Una multitud eufórica tiñó Wembley de celeste y blanco

No es un fenómeno que sucede todos los días. Sobre todo si se trata de hinchas argentinos, considerados los más leales, fervientes y eufóricos del mundo, preparados para hacerse sentir en las tribunas.

Y en ese sentido, miles de compatriotas se hicieron presentes ayer en el mítico estadio de Wembley para la “Finalíssima” entre la Selección nacional e Italia, y el celeste y blanco de las camisetas y banderas fue tiñiendo desde temprano, y de punta a punta, la histórica ciudad de Londres.

La emoción y los cantitos argentinos se sintieron mucho más allá de las fronteras del estadio: la presencia albiceleste se notaba ya en el metro que va de Baker Street, en el centro de la capital inglesa, a la estación del legendario estadio de Wembley.

“Vine expresamente desde Nueva York a ver el partido”, contó Estefan (25 años), quien llegó a Londres pasado el mediodía.

Su novia, Emilia (28), de Azerbaiyán, vestida con la casaca del seleccionado argentino se mostró emocionada por la fiesta previa que se vivió fuera del estadio: “Es mi primera vez en la cancha para ver a la Argentina. Y la verdad, tengo una emoción muy grande porque jamás antes había experimentado algo parecido. Hermoso el colorido y el fervor de la gente”.

Gabriel (53) hizo un viaje más largo: Buenos Aires-Barcelona-Londres. “Pasé por España a buscar a mi viejo, y lo traje conmigo. Consideré que era el momento de que pueda ver en acción a la Selección argentina”, relató.

“Esto es una fiesta. Nunca pensé que íbamos a ser tantos argentinos.
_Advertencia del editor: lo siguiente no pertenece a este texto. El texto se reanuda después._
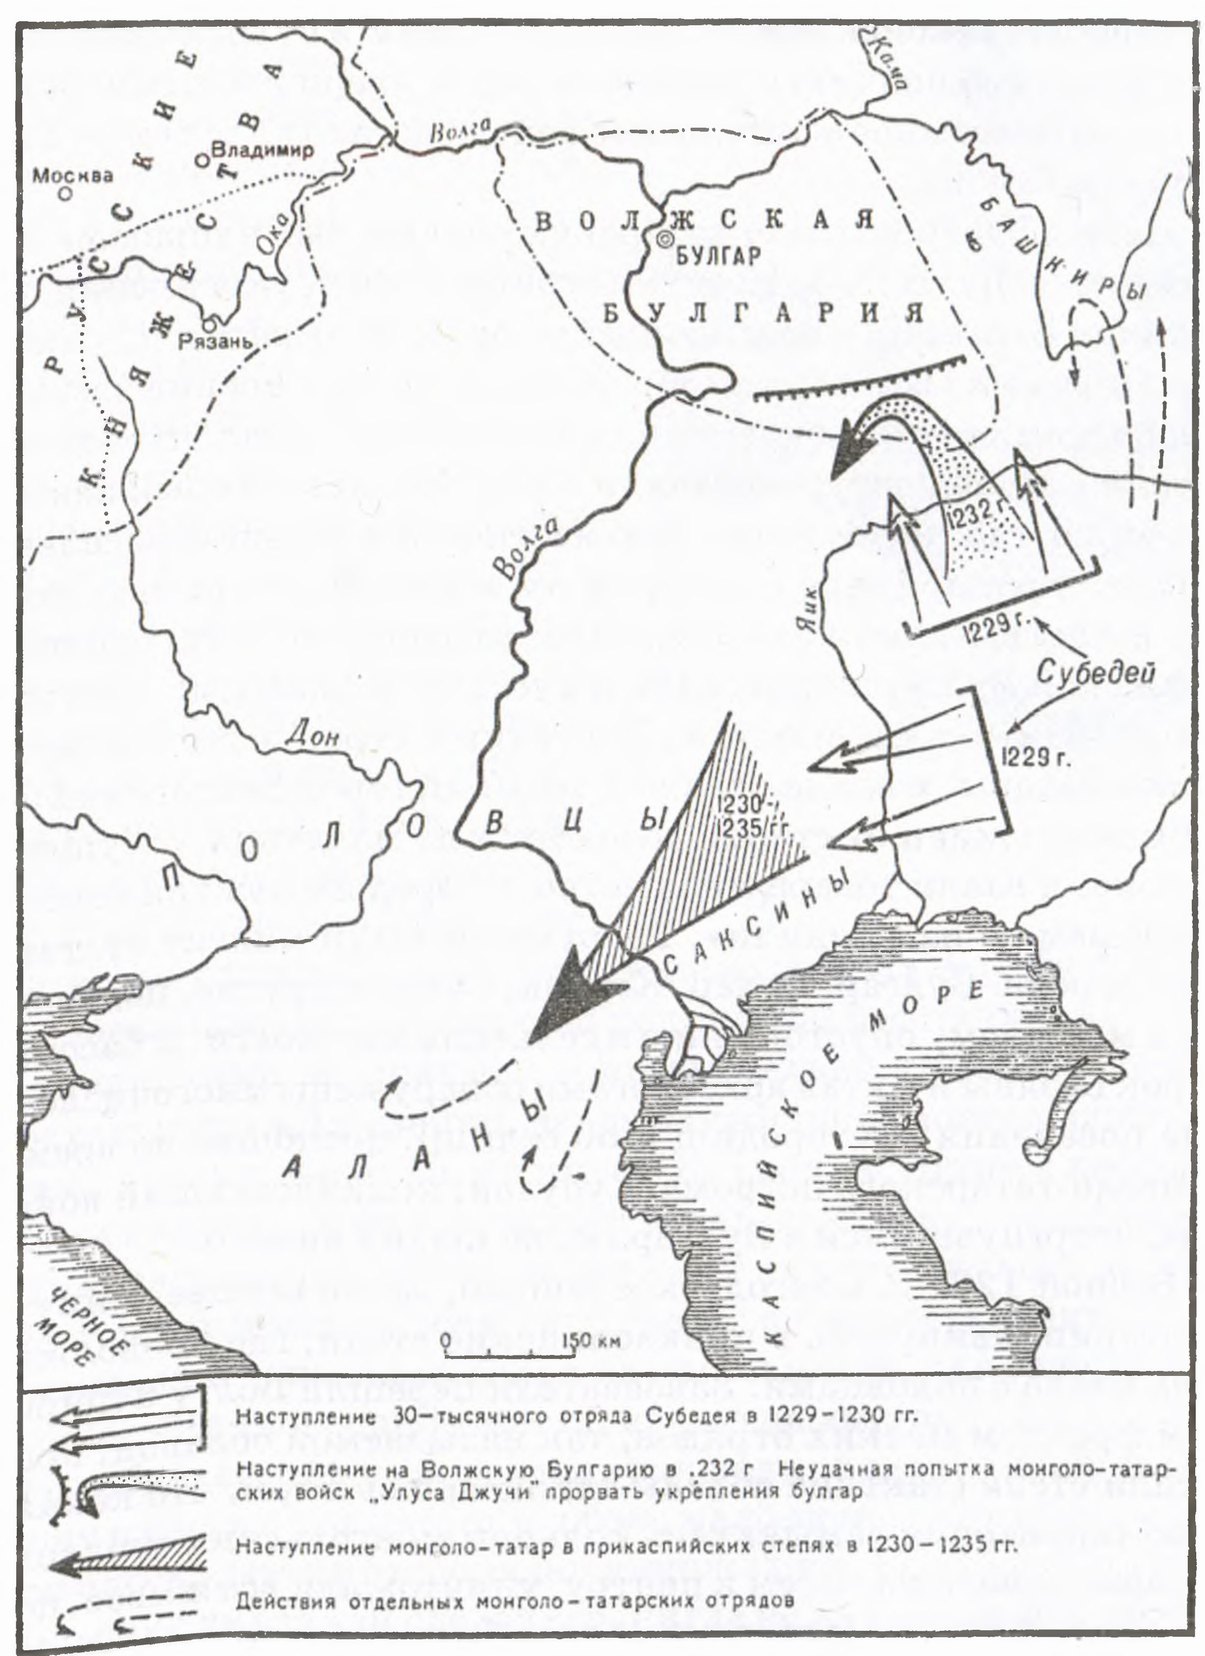 Монголо-татарское наступление на Юго-Восточную Европу в 1229—1235 гг

Es impresionante”, agregó.

Sin los clásicos puestos de choripán de los estadios argentinos, los hinchas se volcaron masivamente al consumo de las clásicas hamburguesas.

Los más osados le apuntaron al sandwich de carne picada y salchicha, una comida de origen paquistaní.

“Es la primera vez que vengo a un partido en Wembley, y nada menos que para ver a mi seleccionado”, relató Maximiliano Castillo (42), constructor de puentes en Finlandia.

Ya en Londres se encontró con dos amigos, Martín y Cristian, que viven en Portugal. Su historia se replicó en miles de argentinos procedentes de distintos rincones europeos para ver a la famosa “Scaloneta”, como si España, Francia, Suecia o Dinamarca fueran Caballito, Barracas, Belgrano y Monserrat y el estadio de Wembley, La Bombonera o el Monumental o la cancha de Ferro.

En los bares de las cercanías, argentinos e italianos, tan parecidos en la euforia, le daban forma a la fiesta previa; y entre ellos estaba Fabiana, de 19 años, inglesa, estudiante de ingeniería mecánica y negocios financieros en Londres. La acompañaba su amiga Guadalupe Álvarez (20), argentina. Consiguieron entradas de hinchas que no pudieron llegar y las vendieron por redes sociales.

“Es hermoso y emocionante todo esto. Venir con una amiga argentina al estadio es como si viniera con una italiana. No veo por qué el hecho de ser rivales nos impediría disfrutar juntas un partido. Al fin y al cabo lo más lindo es pasarla con amigos”, dijo.